Alex: One more story before we look ahead. NSA has formalized leadership at two key cyber units. David Imbordino is now permanent chief of the Cybersecurity Directorate, and Bruce Jones takes over the Cybersecurity Collaboration Center, which is the unit that works most directly with private sector enterprises on threat intelligence sharing.

Jordan: The CCC appointment is the one CISOs should care about. If you're participating in any of NSA's private-sector threat intelligence programs, new leadership typically means new priorities and potentially new engagement models. It's worth reaching out to your contacts there proactively.

Alex: Alright, looking ahead. Jordan, what's the through-line today?

Jordan: The through-line is the collapse of assumptions. Your EDR is being systematically tested by AI-powered adversaries. Your trusted open-source packages aren't trustworthy. Your password manager's 2FA can be brute-forced. Your government vulnerability database is broken.
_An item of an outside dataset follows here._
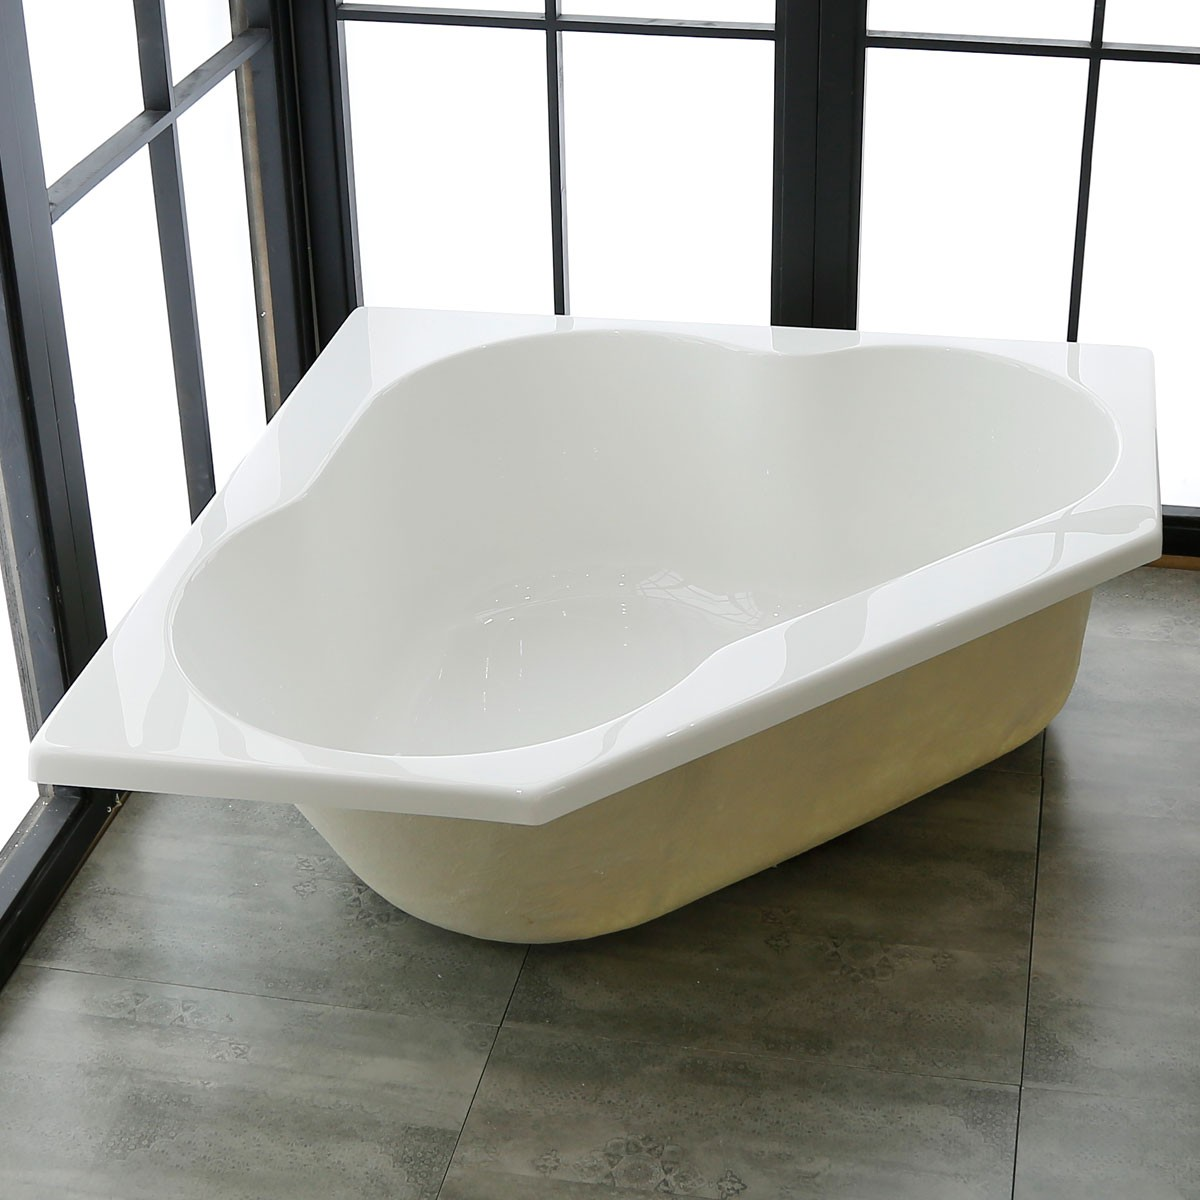 47 in triangle drop in bathtub acrylic white dk realmcb decoraport canada - Triangular bathtub ...

Your AI chatbot can be talked into resetting passwords. Every one of these stories is about a control or a trust relationship that CISOs assumed was solid, and it's not. The theme for the rest of this year is going to be re-validating your foundational assumptions, not just adding new tools on top of them.

Alex: Agreed. And the Microsoft MXC announcement and the Anthropic disclosure point to the same thing from the builders' side. The industry is starting to acknowledge that you have to build the controls in, not bolt them on. Whether that's OS-level agent sandboxing or publishing your actual prompt injection failure rates, the move toward honesty and architectural rigor is the right one. CISOs should be rewarding that transparency in their procurement decisions.

Jordan: Watch for follow-on activity from the Red Hat supply-chain compromise this week. If they got credentials from developer build environments, the secondary effects haven't played out yet.

Alex: That's the show for Tuesday, June 2nd. Show notes and links to every story we covered are at cleartext.fm. I'm Alex Chen.

Jordan: I'm Jordan Reeves. See you tomorrow.